I experienced the same thing with a Walters Trainline F40PH after installing a digitrax DH126 decoder. Top scale speed on DC was about 90, on DCC about 55. It may have to do with DC power pack being 15-16 VDC while my NCE Powercab operates at 12V.

Switching speed was off and max voltage CV setting was at 255, midpoint at 150.


----------



## D&J Railroad (Oct 4, 2013)

Yes, that decoder has switching speed function. Read the instruction sheet.


----------



## CTValleyRR (Jul 26, 2014)

A lot of things can cause a loco to run slower in DCC, especially if there are sound features sucking up power as well. You will want to tweak the performance of every loco you install. Boost starting voltageuntil the loco just crawls in speed step 1. Tweak the max voltage so that the top speed is where you want it (personally, I'm running a railroad, not slot cars, so I don't want my machines ripping around at a scale 90 mph). Momentum set too high can also make a loco take forever to reach its max speed setting, so I turn that off until I have the speeds where I want them.


----------



## Stejones82 (Dec 22, 2020)

CTValleyRR said:


> .... You will want to tweak the performance of every loco you install.
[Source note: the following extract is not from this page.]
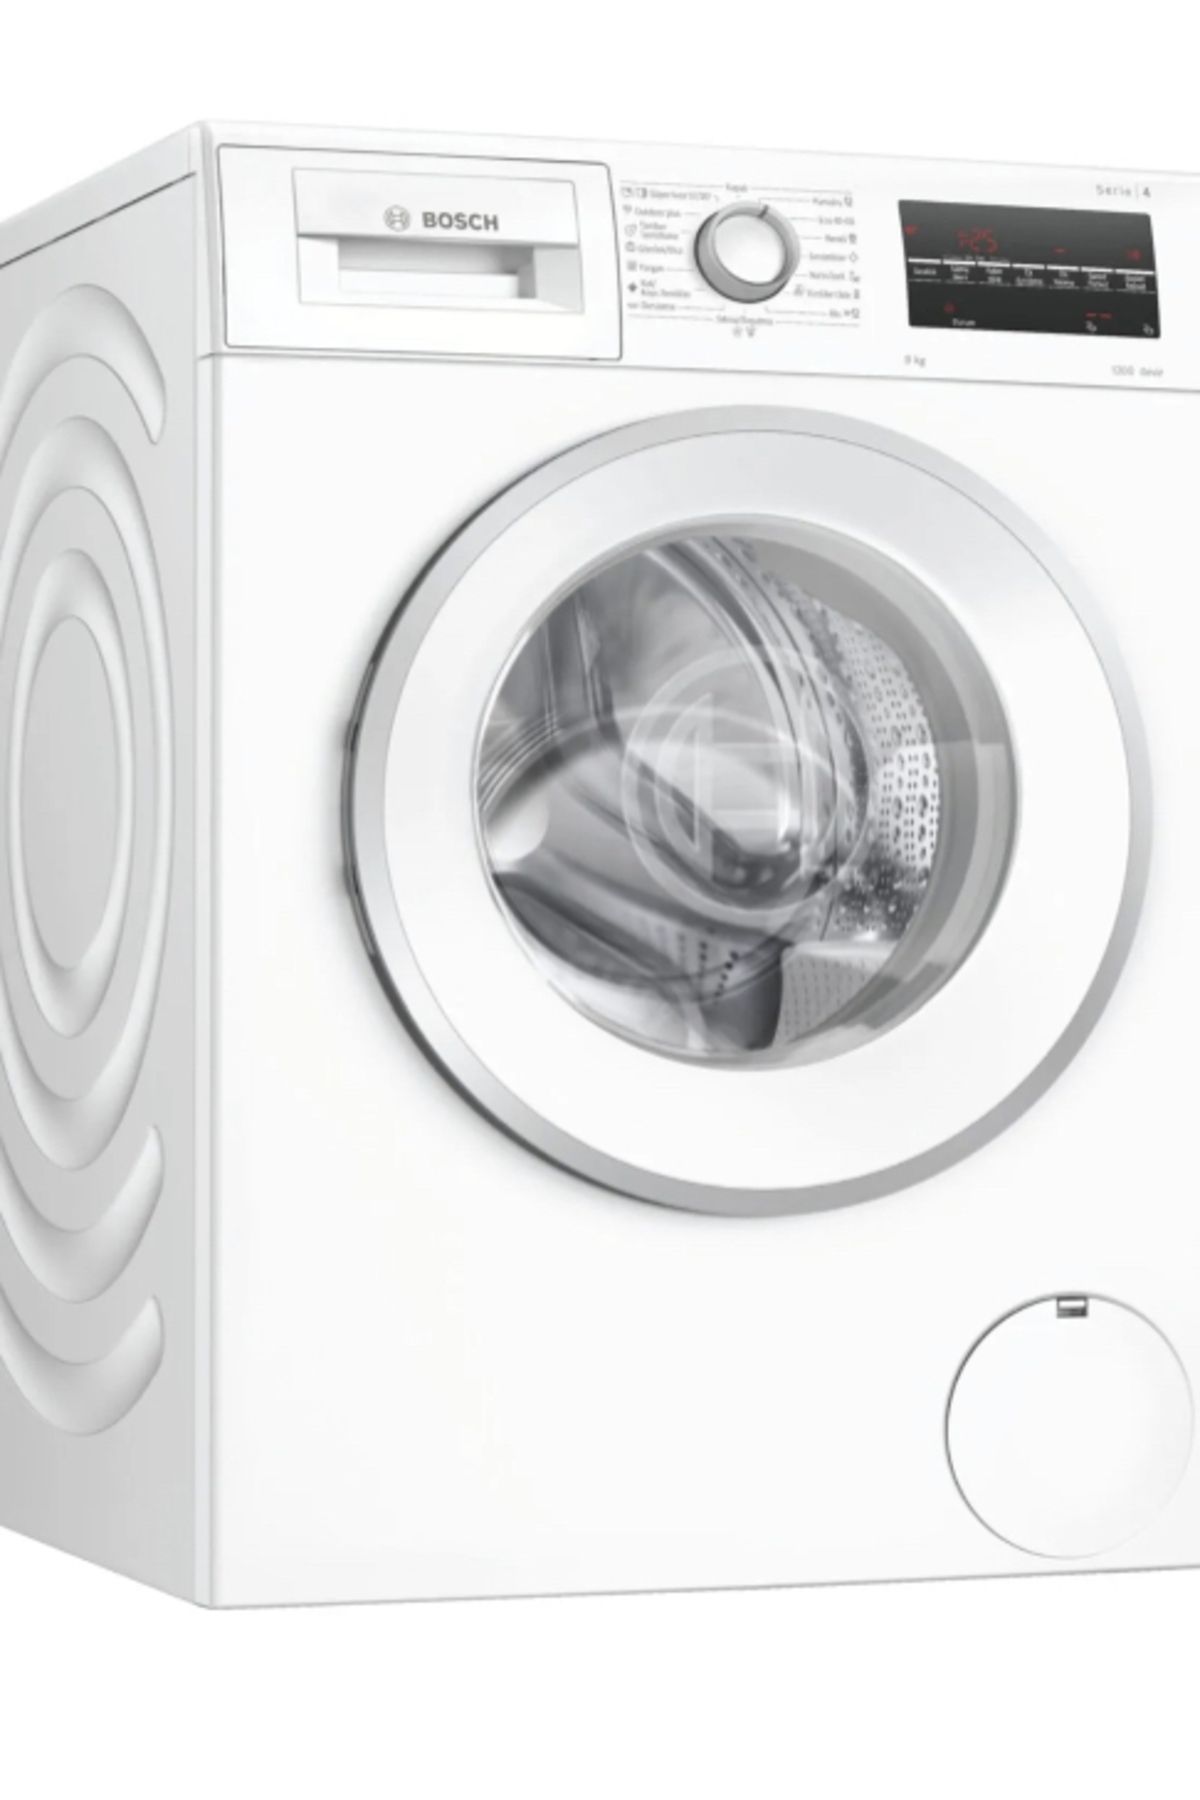 Bosch Çamaşır makinesi
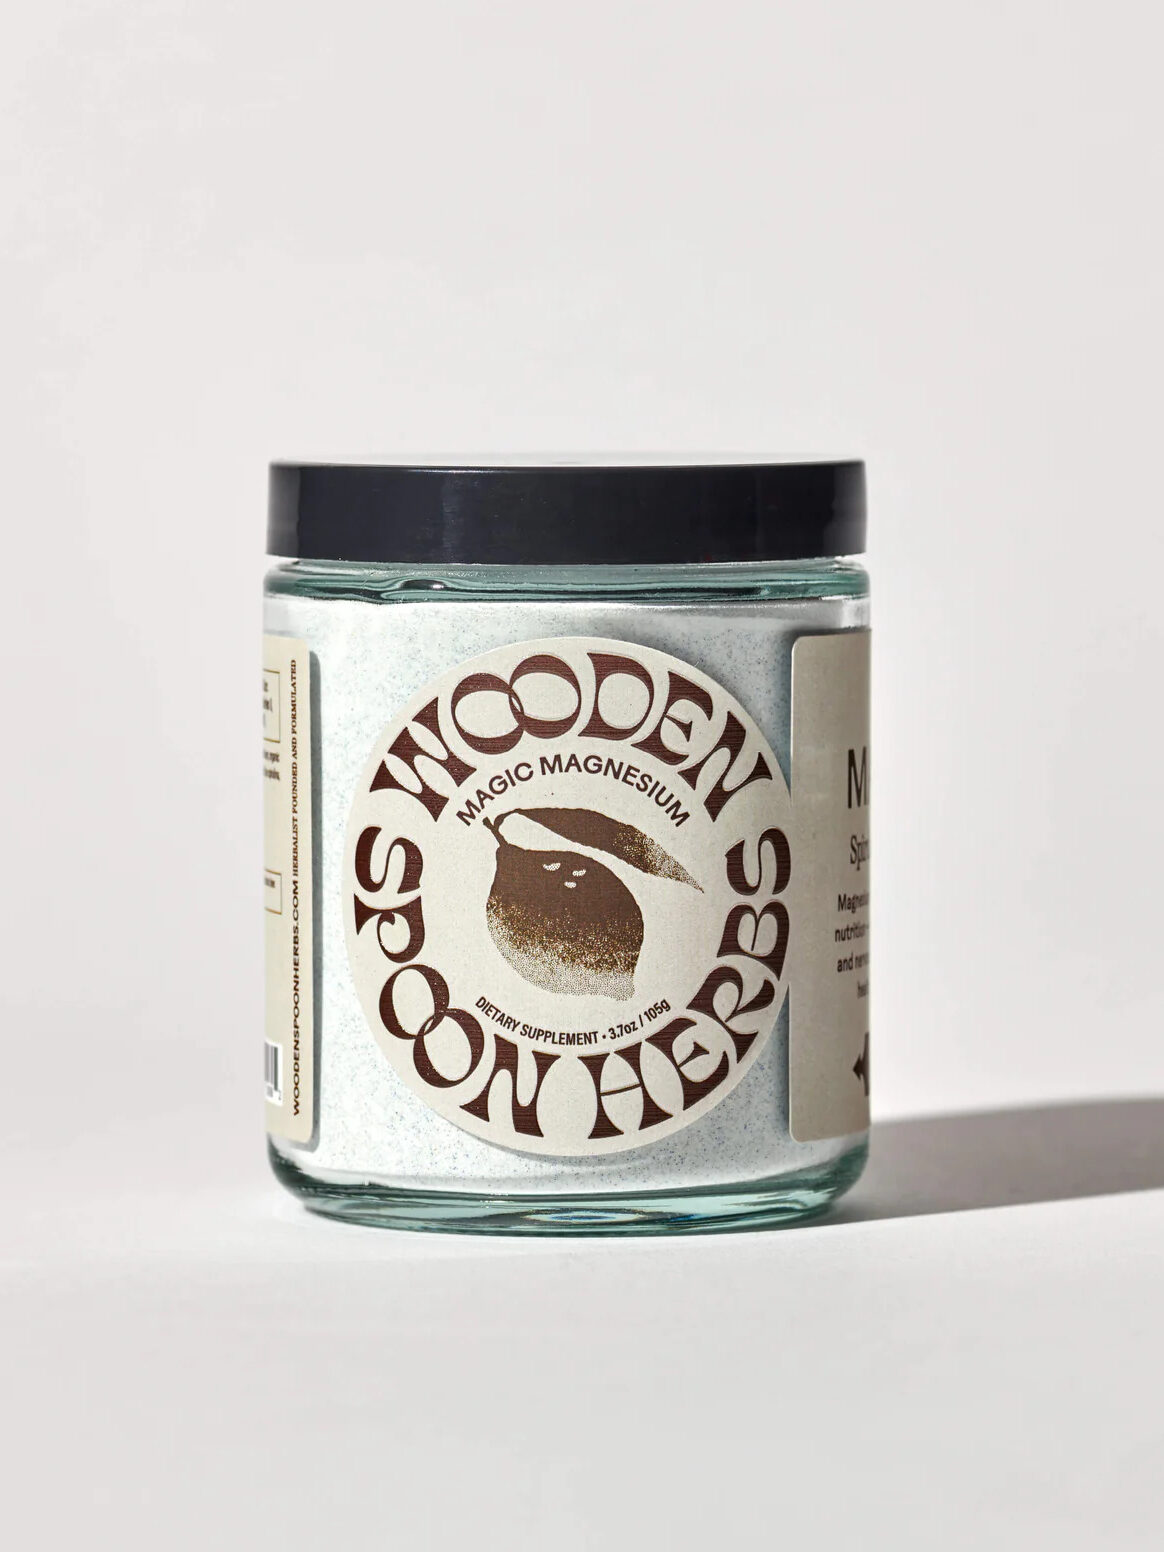 A jar of Wooden Spoon Herbs Magic Magnesium.

Boost starting voltageuntil the loco just crawls in speed step 1. Tweak the max voltage so that the top speed is where you want it ...


So much to learn, but seems fairly intuitive? 

I will set up the program track this afternoon and begin learning CVs and such. 

But perhaps you might explain further about "tweaking" voltages? Is that something to do to the decoder itself? Or via the controller?


----------



## CTValleyRR (Jul 26, 2014)

It is done by programming CVs. Look in the decoder's instructions, you'll find CV's for min voltage (sometimes starting voltage), mid voltage, and max voltage, and momentum. These take a value from 0 to 255. Unfortunately, trial and error is the only way to dial it in. I usually start by changing the value 20 at a time, then gradually narrow it from there. Making a note of what you set it to helps, and it's a good idea to keep a written record of your final settings as well.


----------



## MichaelE (Mar 7, 2018)

Slow is better for trains. It's not the Indy 500. When is the last time you saw a freight train going 90 MPH?


----------



## DavefromMD (Jul 25, 2013)

MichaelE said:


> When is the last time you saw a freight train going 90 MPH?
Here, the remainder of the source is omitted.